The conquest of Acadia by Great Britain began with the 1710 capture of the provincial capital, Port Royal. In the 1713 Treaty of Utrecht, France formally ceded Acadia to Britain. However, there was disagreement about the provincial boundaries, and some Acadians also resisted British rule. With renewed war imminent in 1744, the leaders of New France formulated plans to retake what the British called Nova Scotia with an assault on the capital, which the British had renamed Annapolis Royal.

=== Siege of Annapolis Royal ===
During King George's War, the neutrality of Le Loutre and the Acadians was tested. By the end of the war, most British officials who had been sympathetic toward the Acadians concluded that they and Le Loutre were supportive of the French position. Le Loutre may have been involved in two raids on the British at Annapolis Royal. The first Siege of Fort Anne was made in July 1744 but ended after four days due to the failure of French naval support to arrive.

A second attempt in September was orchestrated by François Dupont Duvivier. Without siege guns and cannon, Duvivier could make little headway. In the late-spring/early summer Nova Scotia Lieutenant-Governor Paul Mascarene wrote to Massachusetts governor William Shirley requesting military aid. Gorham's Rangers arrived in late September to reinforce the garrison. Wampanoag, Nauset, and Pequawket members were offered bounties for Mi'kmaq scalps and prisoners as part of their pay. The Mi'kmaq's withdrew and Duvivier was forced to retreat back to Grand Pré in early October. After the two attacks on Annapolis Royal, Massachusetts Governor William Shirley put a bounty on the Passamaquoddy, Mi’kmaq and Maliseet.

The following year, Louisburg fell for the first time to a force of New Englanders. After the capture of Louisberg, the British attempted to lure La Loutre to come there for his own safety, but he chose to go to Québec to confer with the authorities. They made Le Loutre their liaison with the Mi'kmaq, who were already at war with the British along the frontier. Thus the French government could work with the Mi'kmaq militia in Acadia.

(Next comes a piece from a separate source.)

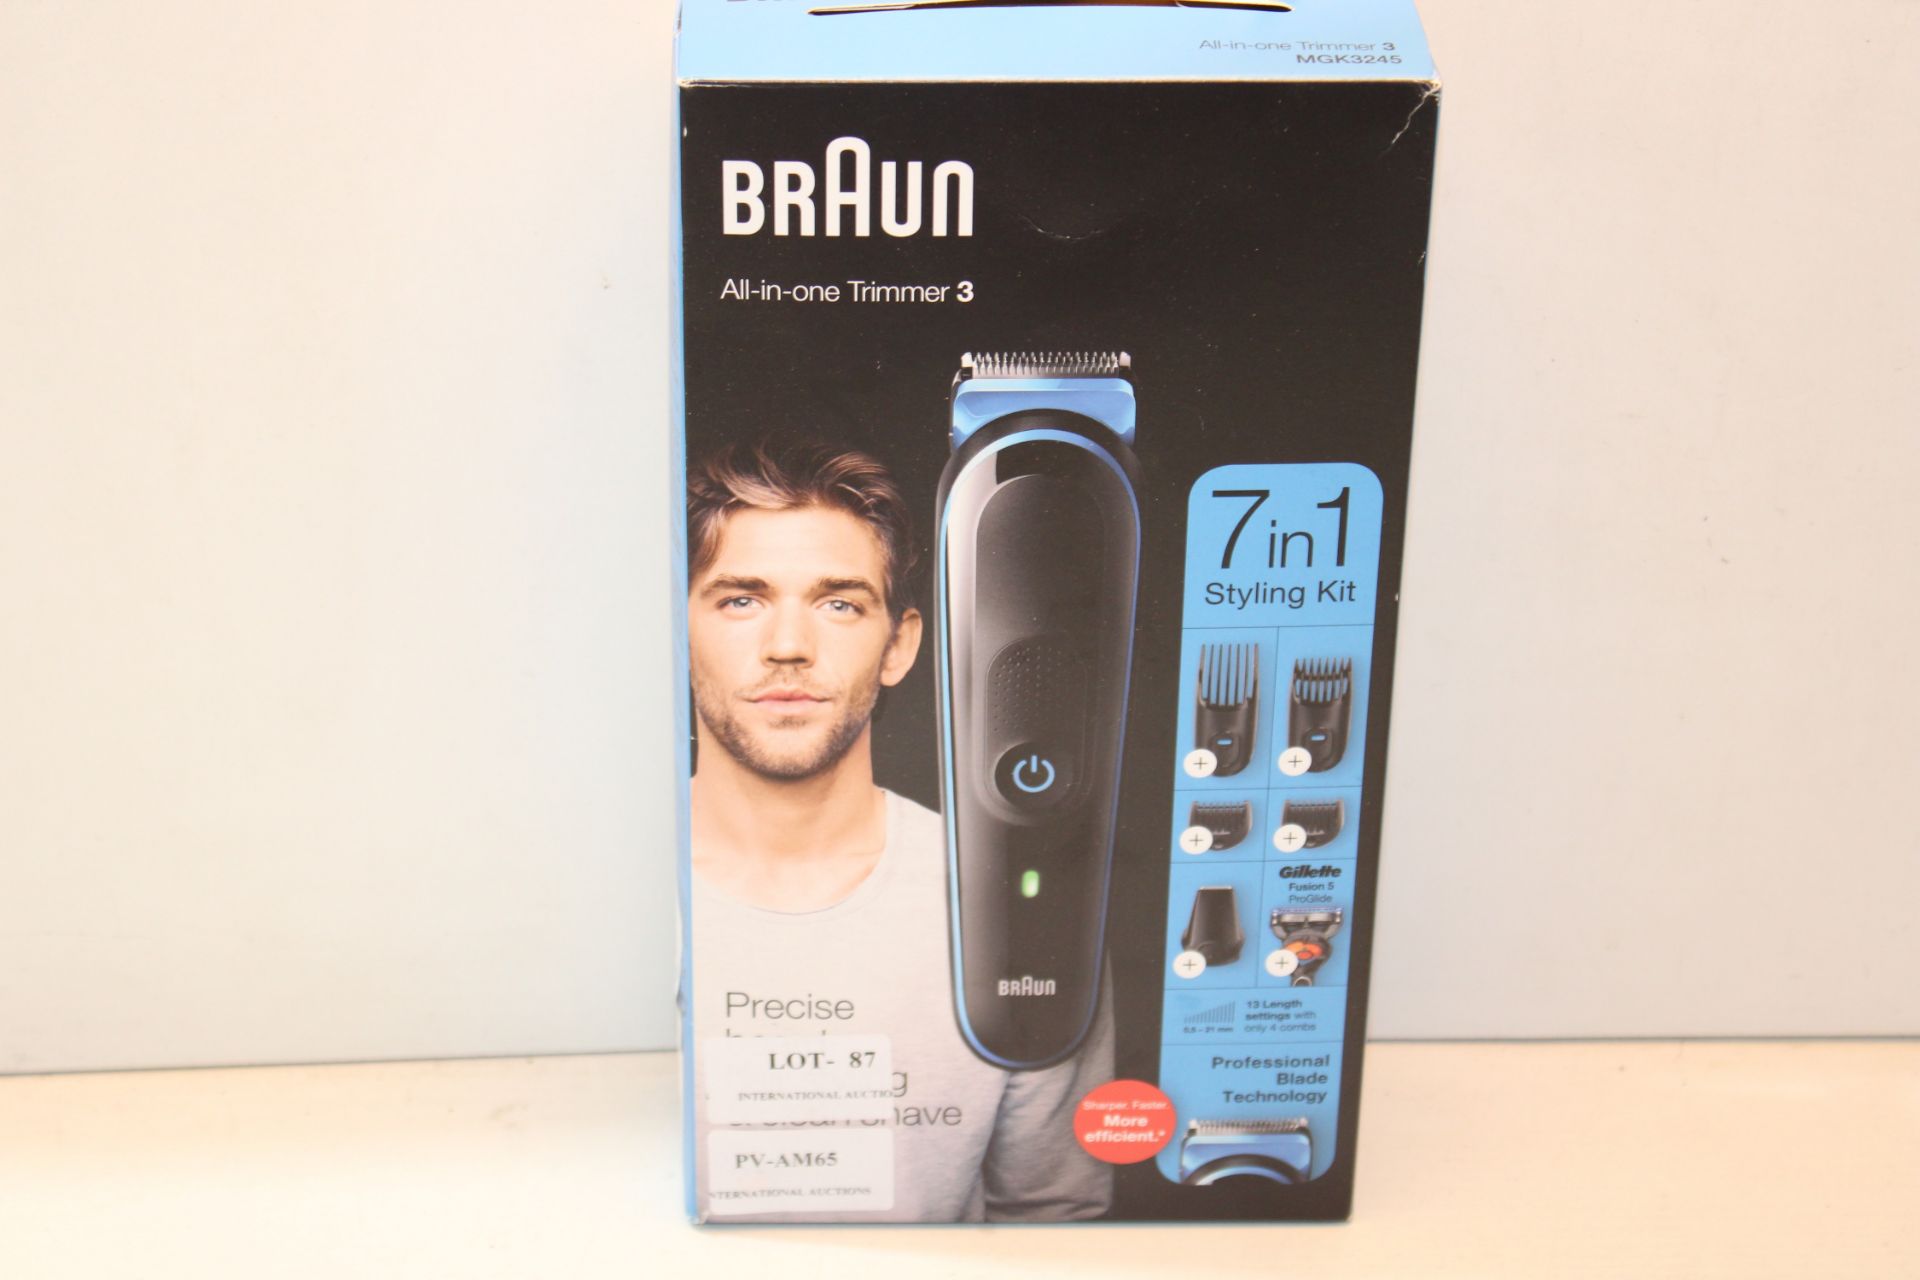 BOXED BRAUN ALL-IN-ONE TRIMMER 3 RRP £34.99Condition Report Appraisal Available on Request- All

=== Duc d'Anville Expedition ===
Yet another attempt at Annapolis Royal was organized with Jean-Baptiste Nicolas Roch de Ramezay and the ill-fated Duc d'Anville Expedition in 1746. With Louisbourg captured by the British, Le Loutre became the liaison between the Acadian settlers and French expeditions by land and sea. The authorities directed him to receive the expedition at Baie de Chibouctou (Halifax Harbour in present-day Halifax, Nova Scotia). Le Loutre was virtually the only person to know the signals to identify the ships of the fleet. He had to coordinate the operations of the naval force with those of the army of Ramezay, sent to retake Acadia by capturing Annapolis Royal early in June 1746. Ramezay and his detachment arrived at Beaubassin (near present-day Amherst, Nova Scotia) in July, when only two frigates of the French squadron had reached Baie de Chibouctou. Without seeking the agreement of the two captains, Le Loutre wrote to Ramezay suggesting an attack be made on Annapolis Royal without the full expedition; but his advice was not acted upon. They waited over two months for the expedition to arrive; slowed by contrary winds and ravaged by disease, the expedition returned home.

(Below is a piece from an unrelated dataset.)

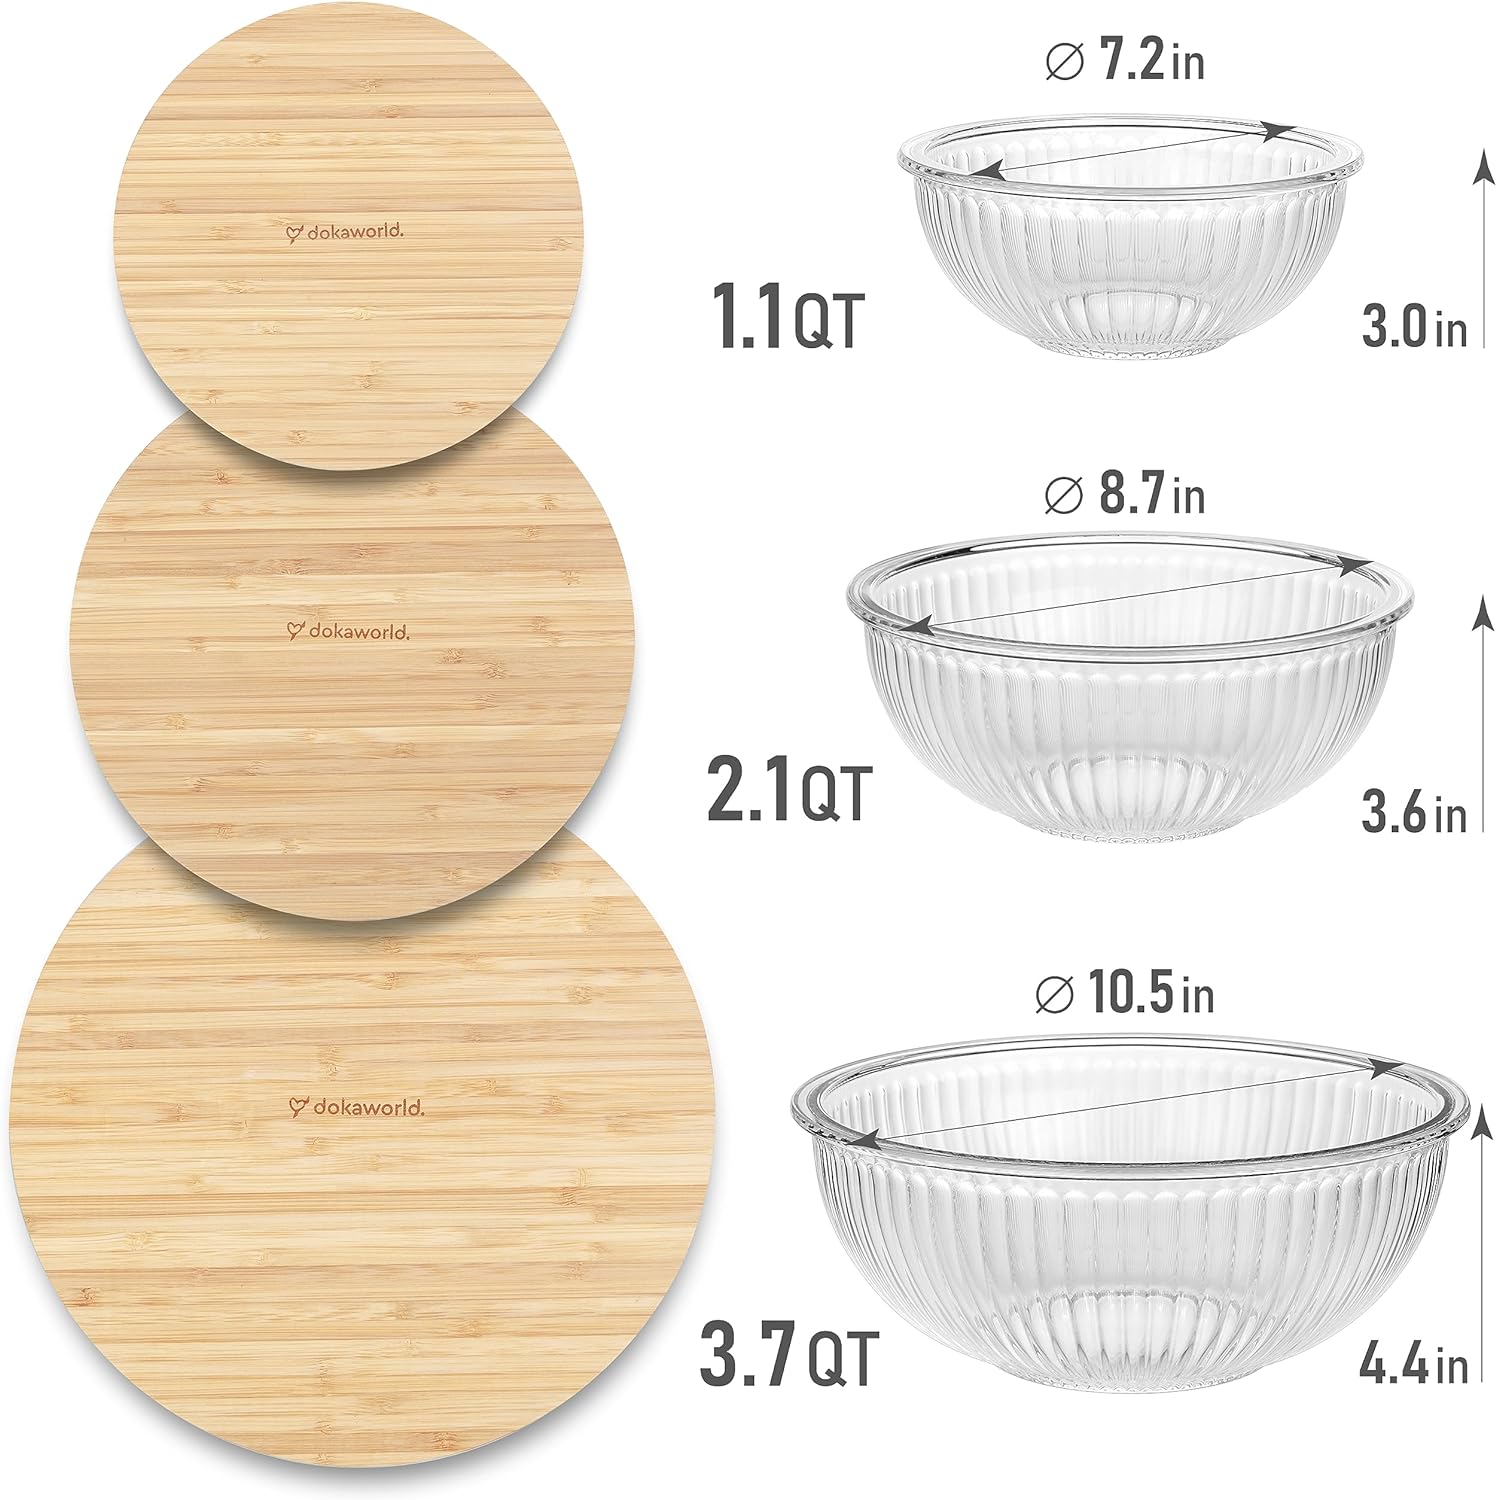 Best Deal for Glass Mixing Bowls - Nesting Bowls - Cute Collapsible Glass

After the failed expedition, Le Loutre returned to France. While in France, he made two attempts during the war to return to Acadia. On both occasions he was imprisoned by the British. In 1749, after the war, he finally returned.

== Father Le Loutre's War ==

Le Loutre moved his base of operation in 1749 from Shubenacadie to Pointe-à-Beauséjour on the Isthmus of Chignecto. When Le Loutre arrived at Beauséjour, France and England were disputing the ownership of present-day New Brunswick. A year after they established Halifax in 1749, the British built forts in the major Acadian communities: Fort Edward (at Piziquid), Fort Vieux Logis at Grand Pré and Fort Lawrence (at Beaubassin). They were also interested in building forts in the various Acadian communities to control the local populations.

Le Loutre wrote to the minister of the Marine, "As we cannot openly oppose the English ventures, I think that we cannot do better than to incite the Mi'kmaq to continue warring on the English; my plan is to persuade the Mi'kmaq to send word to the English that they will not permit new settlements to be made in Acadia. … I shall do my best to make it look to the English as if this plan comes from the Mi'kmaq and that I have no part in it."

Governor General Jacques-Pierre de Taffanel de la Jonquière, Marquis de la Jonquière, wrote in 1749 to his superior in France, "It will be the missionaries who will manage all the negotiation, and direct the movement of the savages, who are in excellent hands, as the Reverend Father Germain and Monsieur l'Abbe Le Loutre are very capable of making the most of them, and using them to the greatest advantage for our interests. They will manage their intrigue in such a way as not to appear in it."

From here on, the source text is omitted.